Bit RangeRegisterKey Bits
[7:0]MMFSR (MemManage)MMARVALID, DACCVIOL, IACCVIOL
[15:8]BFSR (BusFault)BFARVALID, PRECISERR, IMPRECISERR
[31:16]UFSR (UsageFault)UNDEFINSTR, INVSTATE, INVPC, UNALIGNED

Debugging a HardFault in GDB

# When the firmware hits the HardFault handler:
break hard_fault_handler_c
# After it breaks, examine the saved PC (faulting instruction)
print/x stack_frame[6]
# Look up which source line that address corresponds to
info line *0x08001A3C
# Examine the fault status registers
print/x *(uint32_t*)0xE000ED28 # CFSR
print/x *(uint32_t*)0xE000ED2C # HFSR
# Examine the faulting address (if MemManage or BusFault)
print/x *(uint32_t*)0xE000ED34 # MMFAR
print/x *(uint32_t*)0xE000ED38 # BFAR

ITM Trace Output



ITM (Instrumentation Trace Macrocell) is a hardware debug feature that sends data from the MCU to the debugger through the SWO (Serial Wire Output) pin. It provides printf-style output without consuming a UART.

ITM trace output path:
Firmware Cortex-M3 debug HW
+---------+ +------------------+
| ITM | write | ITM stimulus |
| PORT[0] |------->| port 0 |
| .u8 = c | +--------+---------+
+---------+ |
v
+------+------+
| TPIU |
| (Trace Port)|
+------+------+
|
SWO pin (PB3)
|
+------+------+
| ST-Link V2 |
+------+------+
|
+------+------+
| OpenOCD |
| /tmp/itm.fifo
+-------------+

Unlike UART printf debugging, ITM does not consume a UART peripheral and has minimal impact on timing. You can send trace messages, variable values, and timestamps through stimulus ports. The Blue Pill’s SWO pin is PB3 (shared with JTDO).

ITM Printf

/* Send a character via ITM stimulus port 0 */
void itm_putc(char c) {
while (ITM->PORT[0].u32 == 0); /* Wait until port is ready */
ITM->PORT[0].u8 = (uint8_t)c;
}
void itm_puts(const char *str) {
while (*str) {
itm_putc(*str++);
}
}

OpenOCD ITM Configuration

Terminal window
# In the OpenOCD telnet console (port 4444):
# Enable SWO trace at 72 MHz core clock, 2 MHz SWO baud
tpiu config internal /tmp/itm.fifo uart off 72000000 2000000
# Enable stimulus port 0
itm port 0 on
Terminal window
# In a separate terminal, read the ITM output:
cat /tmp/itm.fifo

Bug Hunt: The Five Bugs



Now apply everything above to find and fix five bugs in the challenge firmware. Here are hints for each bug, followed by solutions.
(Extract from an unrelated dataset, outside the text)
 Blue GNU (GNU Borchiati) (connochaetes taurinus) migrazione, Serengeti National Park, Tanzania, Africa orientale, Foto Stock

Bug 1: HardFault on Peripheral Enable

Symptom: The firmware crashes immediately after calling sensor_init().

Debugging approach:

  1. Set a breakpoint at sensor_init() and step through line by line.
  2. When the HardFault triggers, examine the saved PC register in the fault handler.
  3. Look up the source line with info line *<PC>.
  4. Check: is the code dereferencing a pointer? Is that pointer valid?
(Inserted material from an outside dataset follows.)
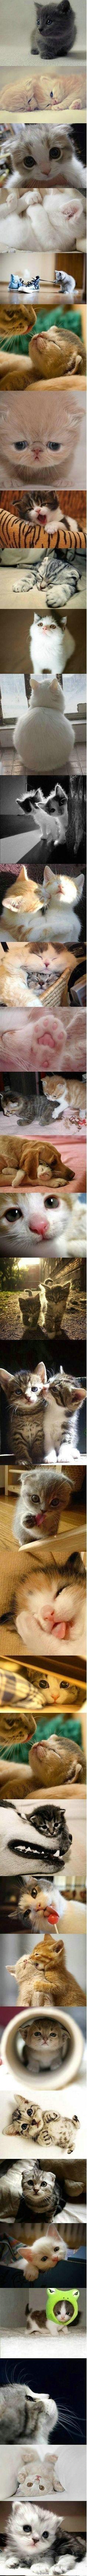 adorable faces!

Bug 2: Serial Output Stops After 10 Seconds

Symptom: The serial terminal shows data for about 10 seconds, then output freezes. The MCU does not reset, it just hangs.

Debugging approach:

  1. Let the firmware run until output stops.
  2. Press Ctrl+C in GDB to halt the CPU.
  3. Run backtrace to see where the CPU is stuck.
  4. If the backtrace shows deep recursion or the SP is near the bottom of RAM, you have a stack overflow.
  5. Check for recursive functions or large local arrays.

Bug 3: ADC Readings Always Zero

Symptom: The ADC values displayed on serial are always 0 for all channels.

Debugging approach:

  1. Check if the ADC clock is enabled: x/xw 0x40021018 (RCC->APB2ENR).
  2. Check if the ADC is powered on: x/xw 0x40012408 (ADC1->CR2).
  3. Check the DMA buffer: x/3hx &adc_values.
  4. Compare the ADC configuration registers against the working code from Lesson 6.
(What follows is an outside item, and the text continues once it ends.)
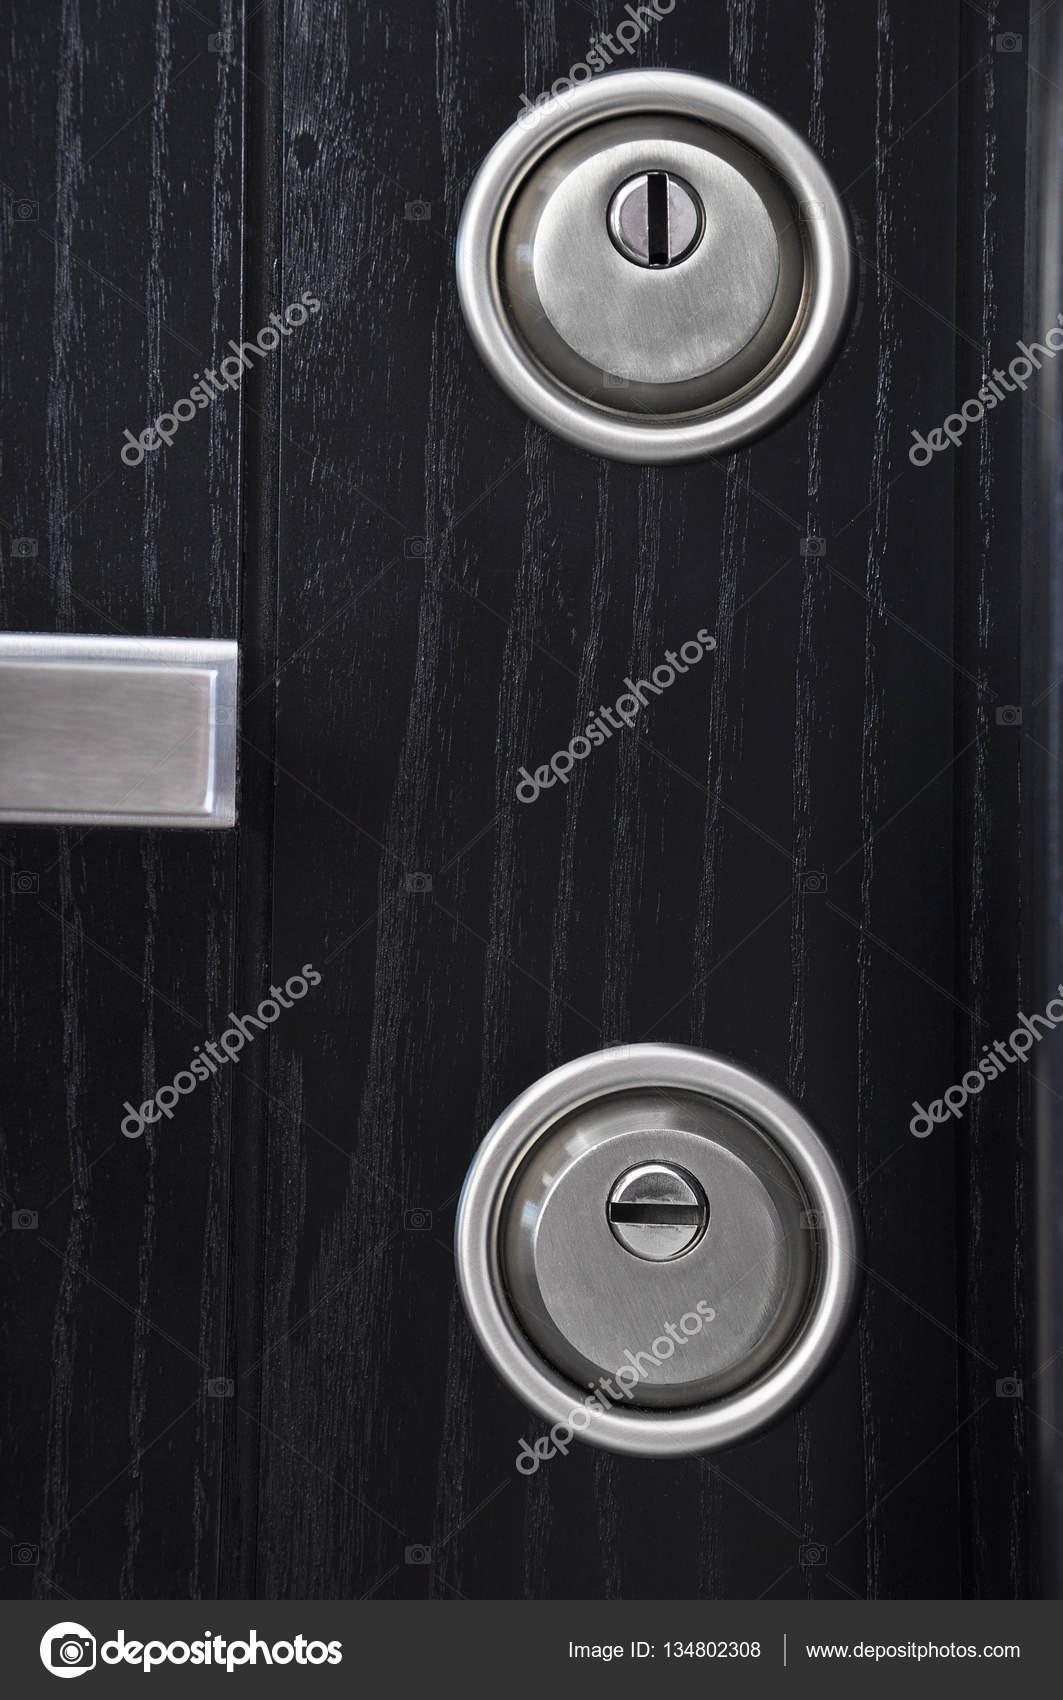 modern front door handles. Modern Front Door Keyhole \u2014 Stock Photo Handles

Bug 4: OLED Shows Corrupted Data

Symptom: The OLED display usually looks correct but occasionally shows garbled pixels or shifted text.

Debugging approach:

  1. Set a watchpoint on the framebuffer: watch framebuffer[0].
  2. Check if DMA and the main loop are both writing to the framebuffer simultaneously.
  3. Look for missing DMA completion checks before modifying the buffer.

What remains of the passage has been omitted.